The present analysis used the ESOM/U-matrix method with the task to identify interesting structures in a high dimensional data set composed of lipid mediator plasma concentrations acquired in paints with a neurodegenerative disease or healthy subjects. This suggests that the acquired data contains information that reflects the clinical setting, or any other experimental setting. In the present data set consisting of Parkinson patients and healthy subjects, this was the expected outcome. Specifically, Parkinson’s disease is a neurodegenerative disease characterized by a progressive loss of dopaminergic neurons predominantly in the Substantia nigra. Its pathophysiology involves, e.g., accumulation and spreading of misfolded proteins [48], neuro-inflammation including persistent microglial activity [49], neuro-inflammation including persistent microglial activity [49] and dysfunctions of mitochondrial biogenesis and quality control systems [50]. The latter processes are essentially regulated by bioactive lipids including ceramides, sphingolipids, lysophospholipids, eicosanoids, endocannabinoids, HETEs, omega-3 and omega-6 lipids and EETs [17, 51,52,53,54,55,56,57,58,59]. The relevance of subtle changes in complex regulatory circuits has been taken into account by modern omics-based analysis tools using “gene set enrichment analyses” for the detection of pattern changes [60, 61]. Hence, the observation that a set of serum lipid markers contain information relevant for the separation of Parkinson patients from healthy subjects is biologically plausible. Following data structure detection performed with the present R library, subsequent analyses may focus on hypothesis testing or may apply supervised machine learning methods for further data exploration or for the creation of a diagnostic biomarker.

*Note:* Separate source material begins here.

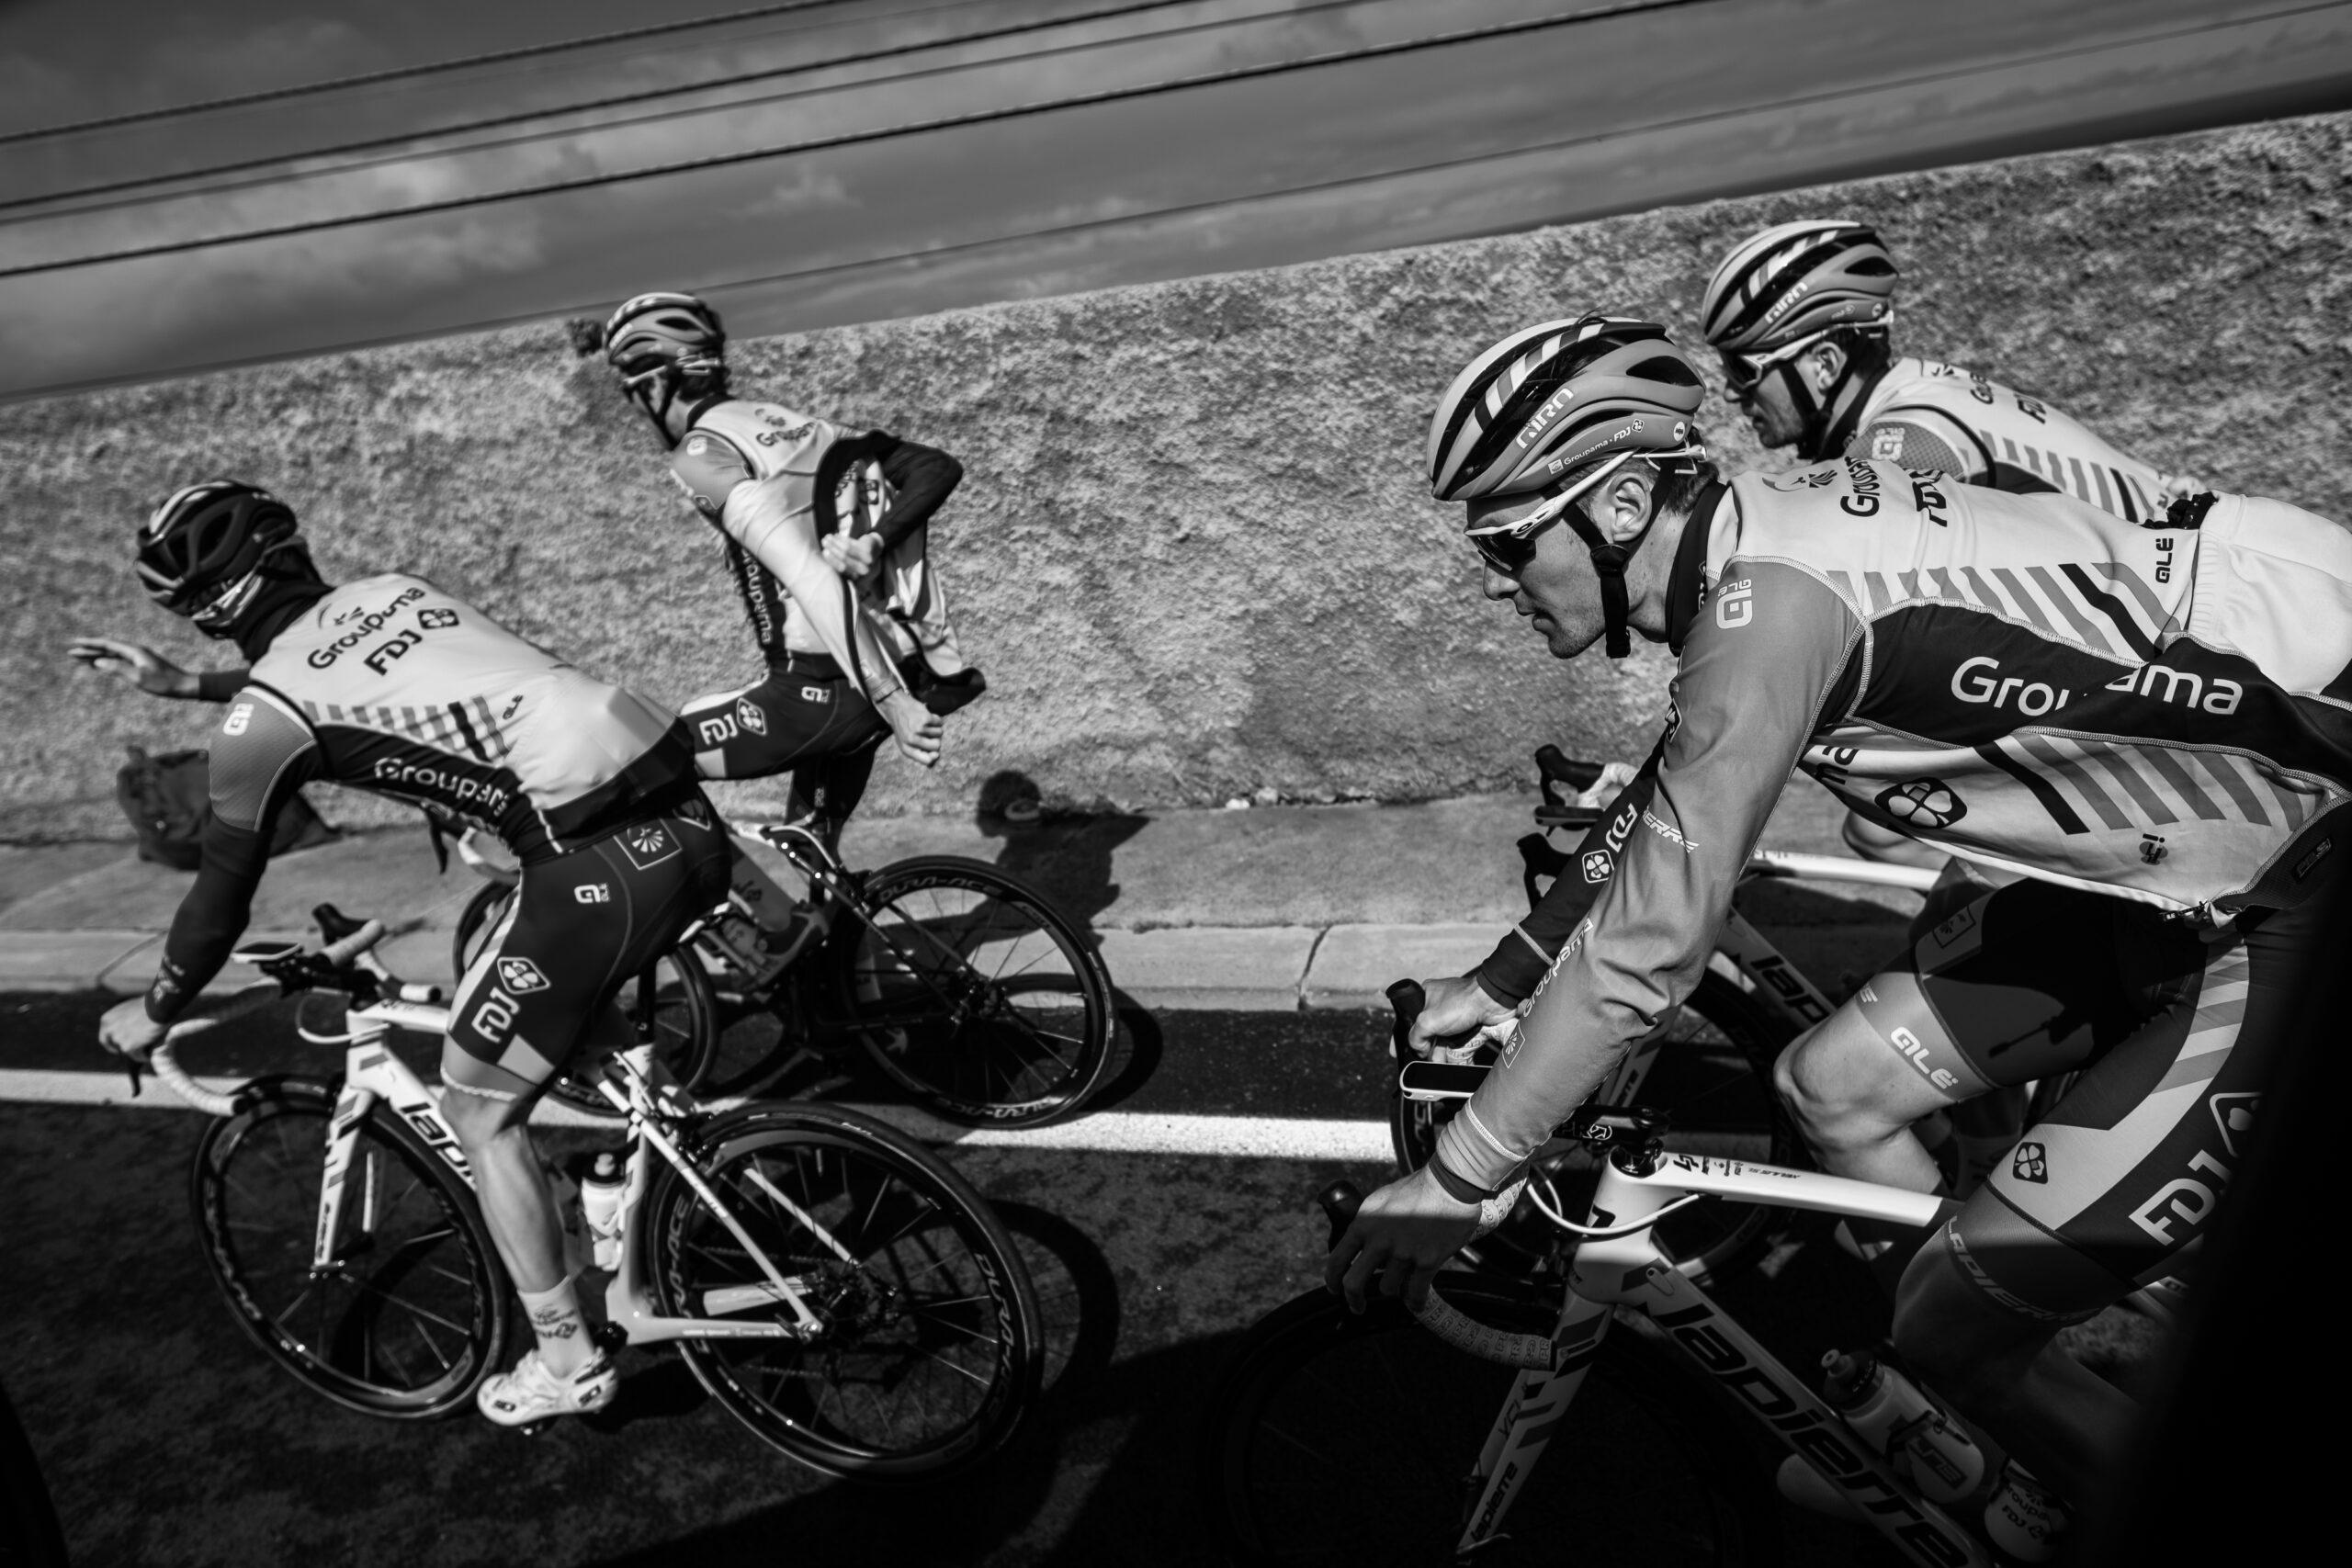 Primer Premio. Categoría: Deportes (Serie). El equipo Groupama- FDJ en acción durante el entrenamiento matinal. Enero 30, 2019. Andrés Gutiérrez

Among methods for the detection of distance and/or density based structures in high-dimensional, complex data, ESOM/U-matrix is accompanied by a number of alternatives, for example projection methods such as principal component analysis (PCA) [62], multidimensional scaling [63], isomap [64], t-SNE [65] and many more. PCA and MDS are continuous projection methods and fail when the cluster structures are not separable using hyperplanes. Isomap is a projection method that models high dimensional structures using a graph connecting k-nearest neighbors in the data. Whether or not the graphs show meaningful structures depends very much on the correct choice of k. This is a clear disadvantage to the ESOM/U-matrix method where the number of clusters does not need to be specified. t-SNE uses ideas derived from SOM, i.e., it employs a definition of neighborhood that is large at the beginning of the training and shrinks during the construction (learning) of the projection. It uses t- distributions to model neighborhoods of data points in the high-dimensional space as well as in the low dimensional projection space, which are parameterized by a neighborhood variance s2. For the calculation of s2 the (dis-)similarity between the neighborhood distributions in form of the Kullback-Leibler-Divergence [66] is used. The neighborhood size parameter s2 is critical for a correct representation of the structures of the input space. The t-SNE method is not recommended for data with a high intrinsic dimensionality. Thus, the ESOM/U-matrix method well competes with alternatives partly aimed at the same goal, i.e., the detection of structures in high dimensional data.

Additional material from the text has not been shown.